### Data shown:
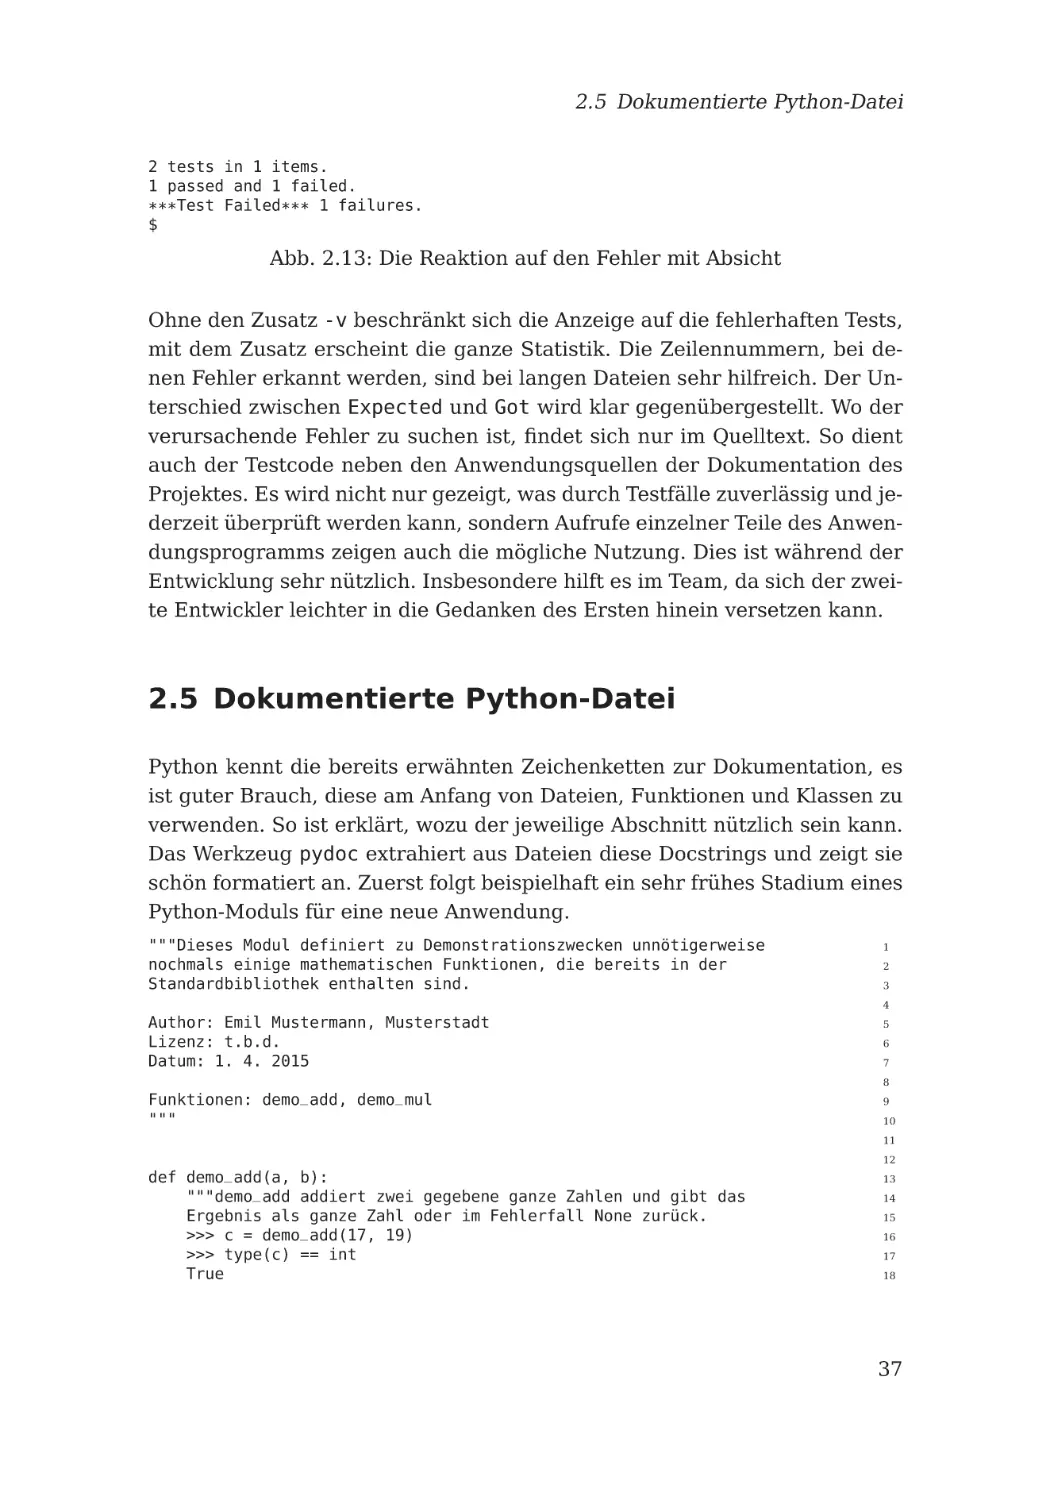 2.5 Dokumentierte Python-Datei
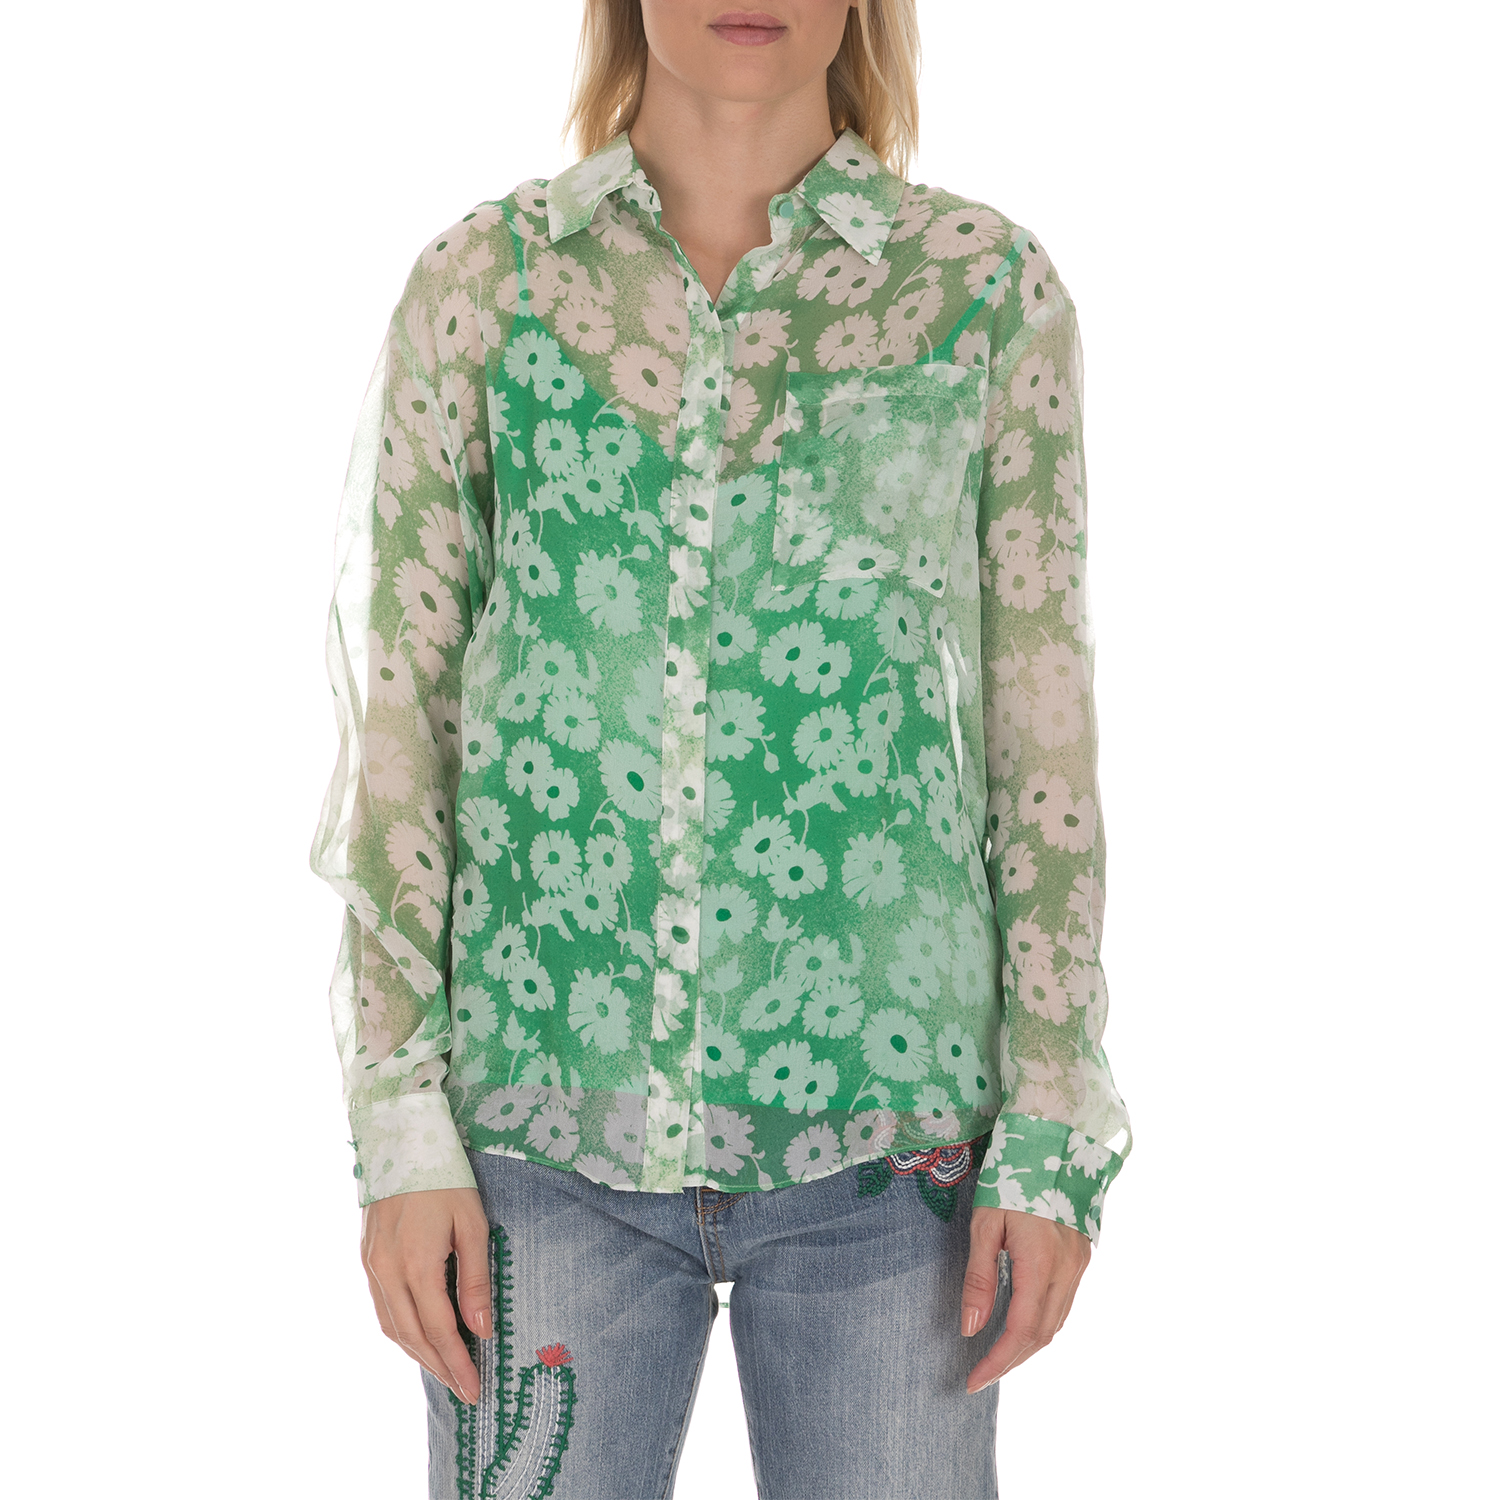 Γυναικεία/Ρούχα/Πουκάμισα/Μακρυμάνικα JUICY COUTURE - Γυναικείο πουκάμισο από 2 κομμάτια JUICY COUTURE WASHED DAISY πράσινο
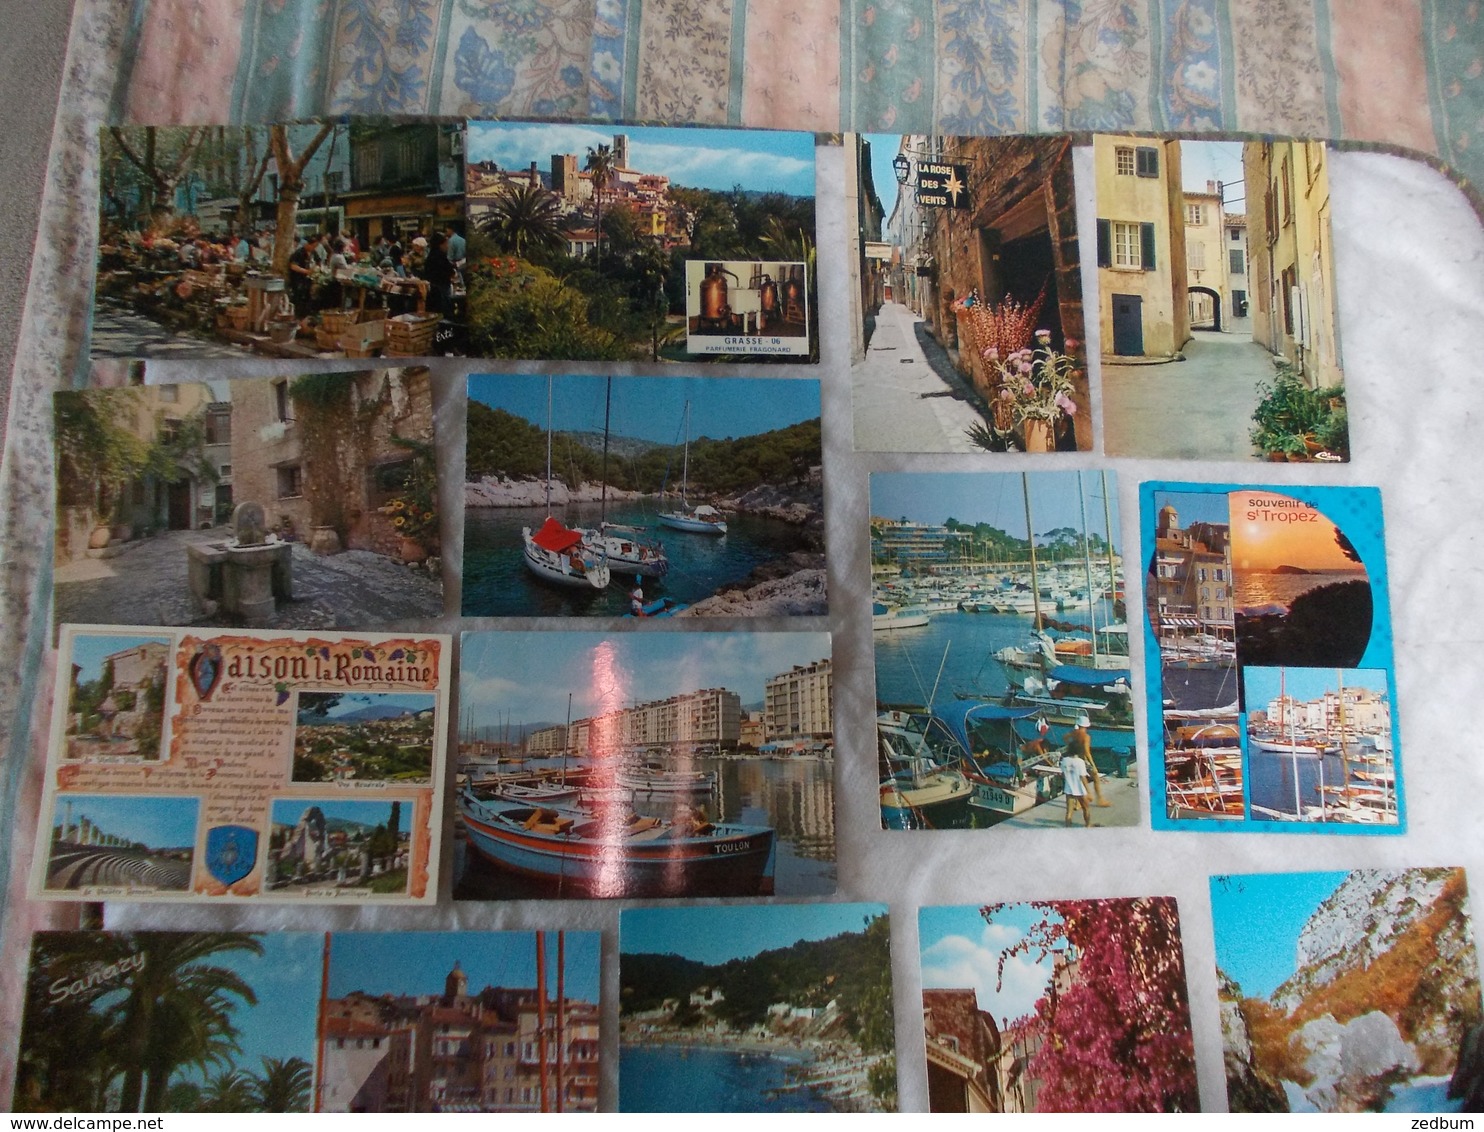 Lot de 66 cartes Postales de la Cote d'Azur Provence Var ou Saint Tropez
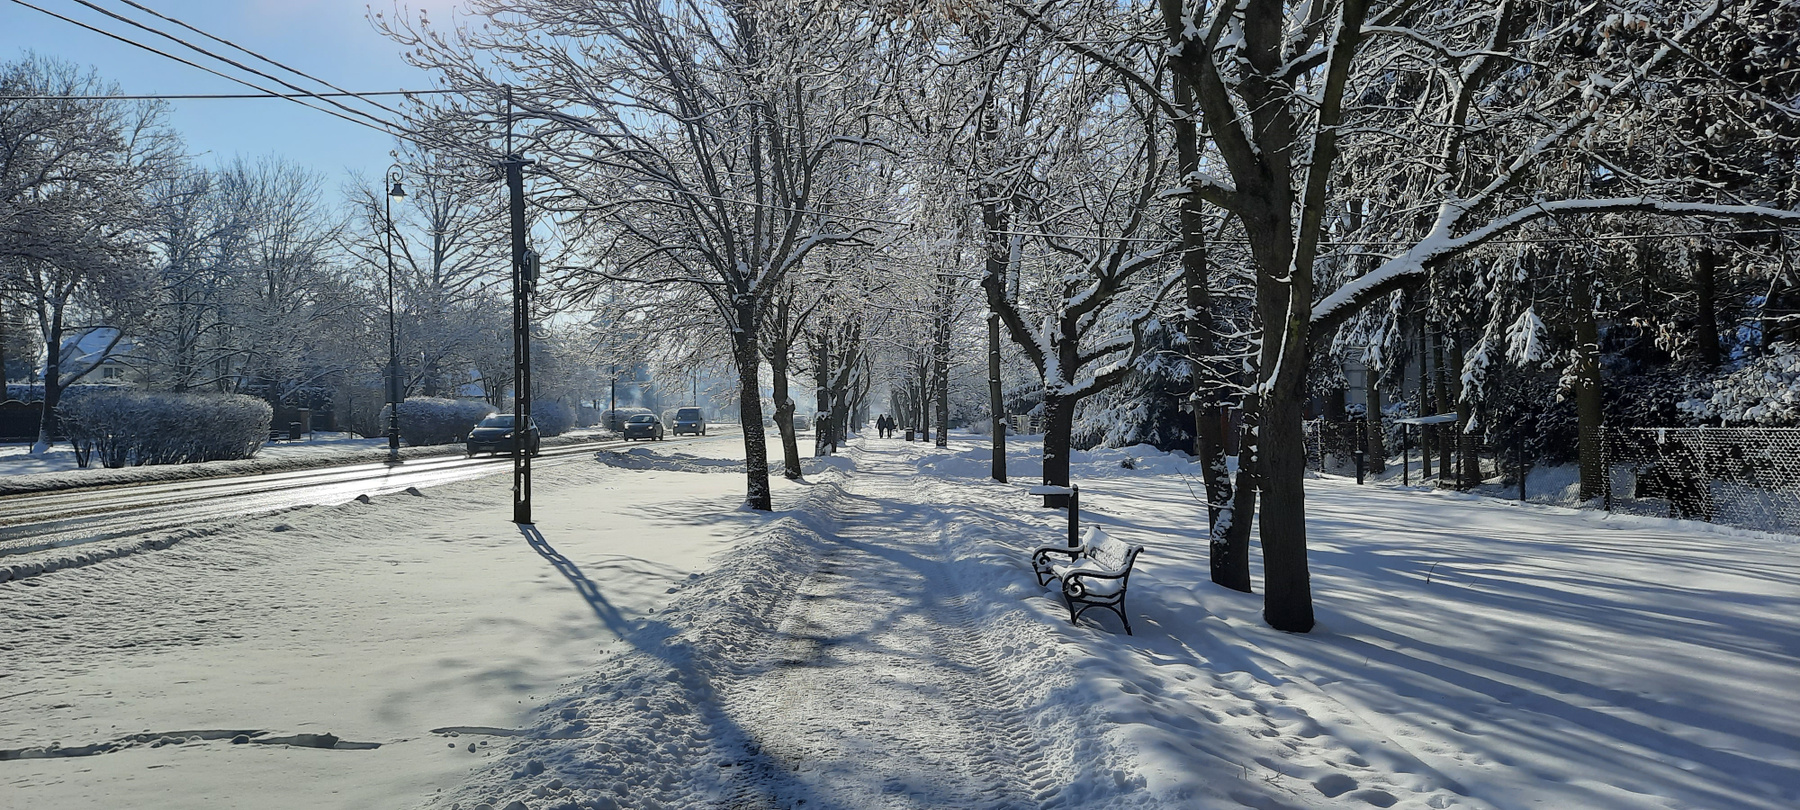 прогулка вдоль улицы зима снег

### What you have to do:
With images left out, the data must be transcribed exactly.

### Exercise solution:
 2.5 Dokumentierte Python-Datei
 Γυναικεία/Ρούχα/Πουκάμισα/Μακρυμάνικα JUICY COUTURE - Γυναικείο πουκάμισο από 2 κομμάτια JUICY COUTURE WASHED DAISY πράσινο
 Lot de 66 cartes Postales de la Cote d'Azur Provence Var ou Saint Tropez
 прогулка вдоль улицы зима снег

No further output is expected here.